Well, after weeks of hearing from President Obama that the economy is the worst since way before he was born, last week even the Chinese began expressing concern. And they were born before everybody.

So the president went out of his way to seek to reassure America’s largest creditor nation, a financial reality that doesn’t reassure many U.S. minds already pondering reliance on foreign energy. (But that’s another issue.)

Obama has given signs of tweaking his message in recent days. Yes, he inherited an awful mess from that profligate George W. Bush guy. Just awful.

But the plodding Lawrence Summers, director of the National Economic Council, began talking more positively/confidently (see video just below here) last week and over the weekend, denouncing fear of fear. The fallen markets had a couple of positive days.

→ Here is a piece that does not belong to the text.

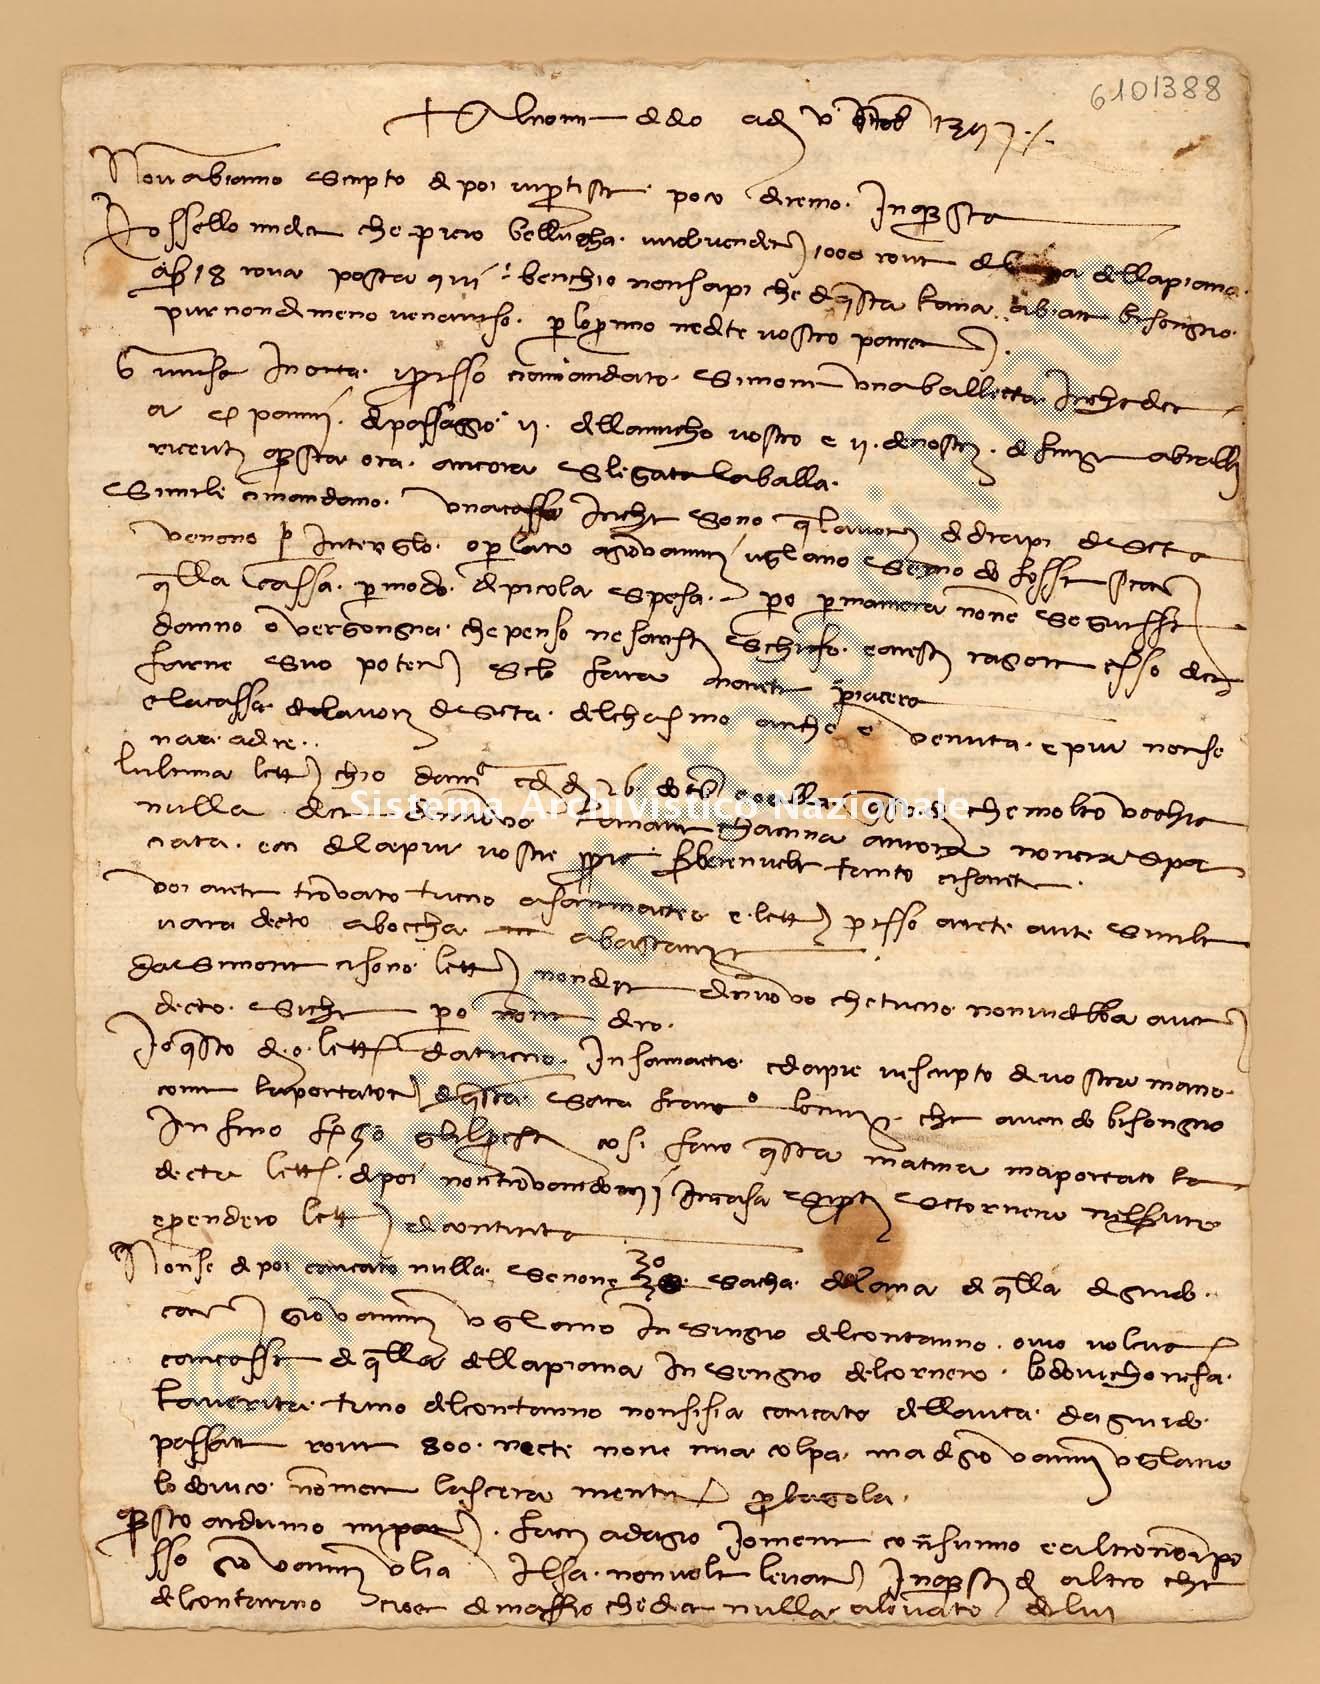 Archivio di Stato di Prato, Fondo Datini, Appendice al carteggio, 1116.166 Lettere Di Datini Francesco Di Marco e Luca Del Sera e Comp. a Luca Del Sera (busta 1116, inserto 166, codice 6101388)

And it was probably ineluctable that within -- what? -- less than eight weeks one of the president’s Harvard cronies would insert ‘ineluctable’ into the country’s public discourse.

The president sounds downright hopeful in the news video on the jump below. We’re likely to hear more of the same this morning when he addresses small-business owners and community lenders in a White House conference. He’ll still try to tie his historically ambitious legislative agenda to the contemporary economic troubles.

Listen for more such positive tweaks in coming days. It’s bad. But we’re strong. If we can go to the moon, we can automate all medical records and cover everyone with health insurance and reform the country’s education system and stop foreclosures and expand the war in Afghanistan and create a federal deficit with more zeroes than most civilian calculators contain and then cut the deficit in half by giving 95% of Americans tax cuts and sticking it to a few rich people. And the only thing we have to fear is fear itself.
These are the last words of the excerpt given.